Michaela A. Gabriel
Counting Losses
“It’s habitual: I count what I lost, not what I gained.”
Jayne Pupek, “Notes to Jackson”
I keep love letters under my childhood bed,
bundles of postcards – Saluti d’Italia,
the faces of friends pasted to creamy
album pages, like those of placid saints.
Thirteen baby teeth rattle in a tiny box.
In a carved jewellery case, placeholders
commemorate earrings lost in snowball fights
and making out – a gold star, a hot pink hoop.
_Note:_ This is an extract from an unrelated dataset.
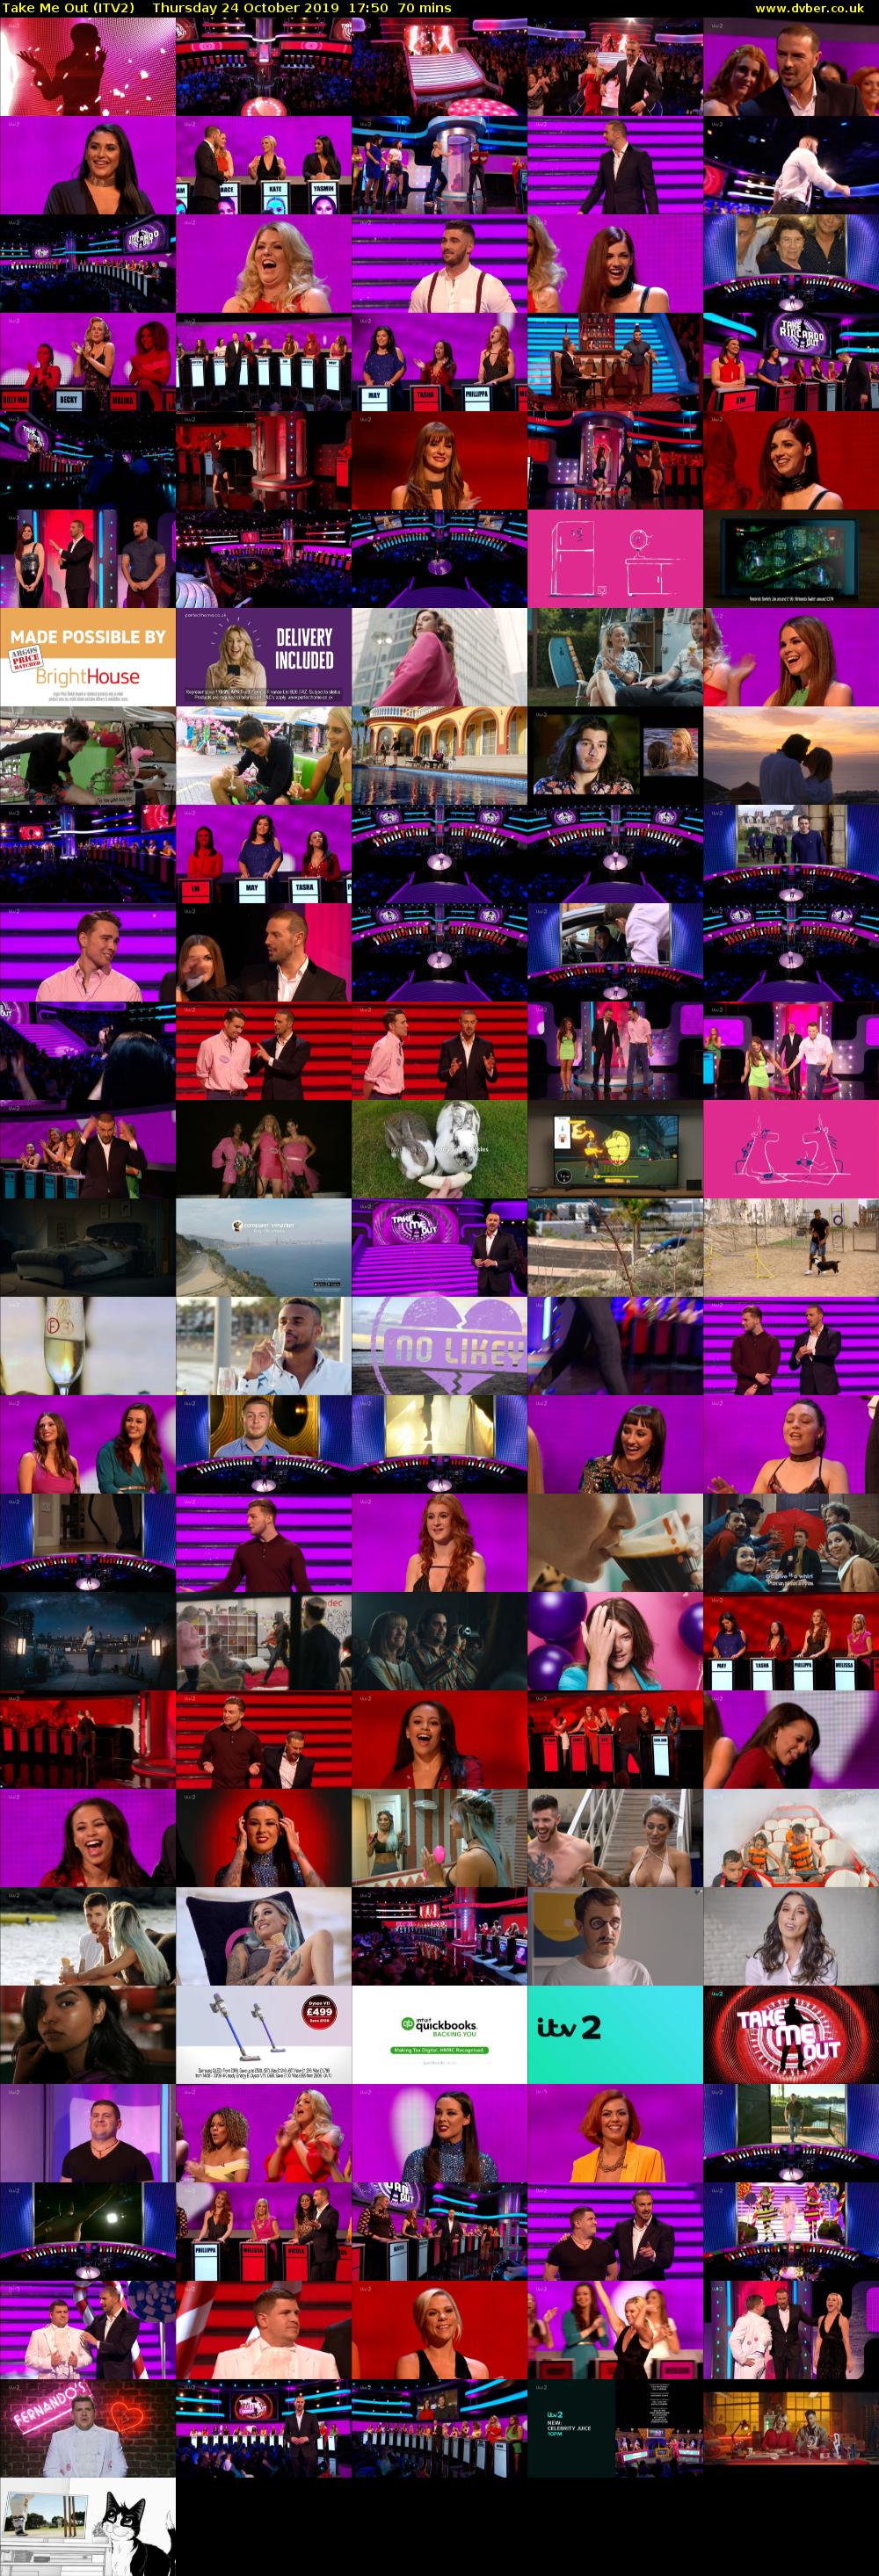 Take Me Out (ITV2) Thursday 24 October 2019 17:50 - 19:00

Stumps of candles fill cardboard coffins
alongside matches, brittle and scorched,
not a spark left in them, just as there was
no spark left in those love affairs.
I count cracks in empty cassette cases,
name every song like a favourite daughter,
mark my palms with a black stroke
for each forgotten word, until my hands
are darker than midnight, darker
than the ravens that gathered
to stand guard when I woke in a body
that was, once again, mine alone.
I cradle the dead bodies of ants,
remembering slices of apples and cake
in a kitchen that smelled of sex and
flat champagne, a kitchen where,
years later, I spilled a bottle of milk
and crouched by the puddle for hours,
sobbing like a child. I keep the shards,
sharp as blades, in a wicker basket.
Oh the heads they’ve severed!
How they rolled, how each swift cut
left me with another rose stem
flaunting its innocuous thorns.
Michaela A. Gabriel lives in Vienna, Austria, where she teaches English to adults and occasionally does translation work. She has been widely published both online and in print, has recently overcome a very stubborn spell of writer’s block and is now trying to finish her full-length collection, elemental.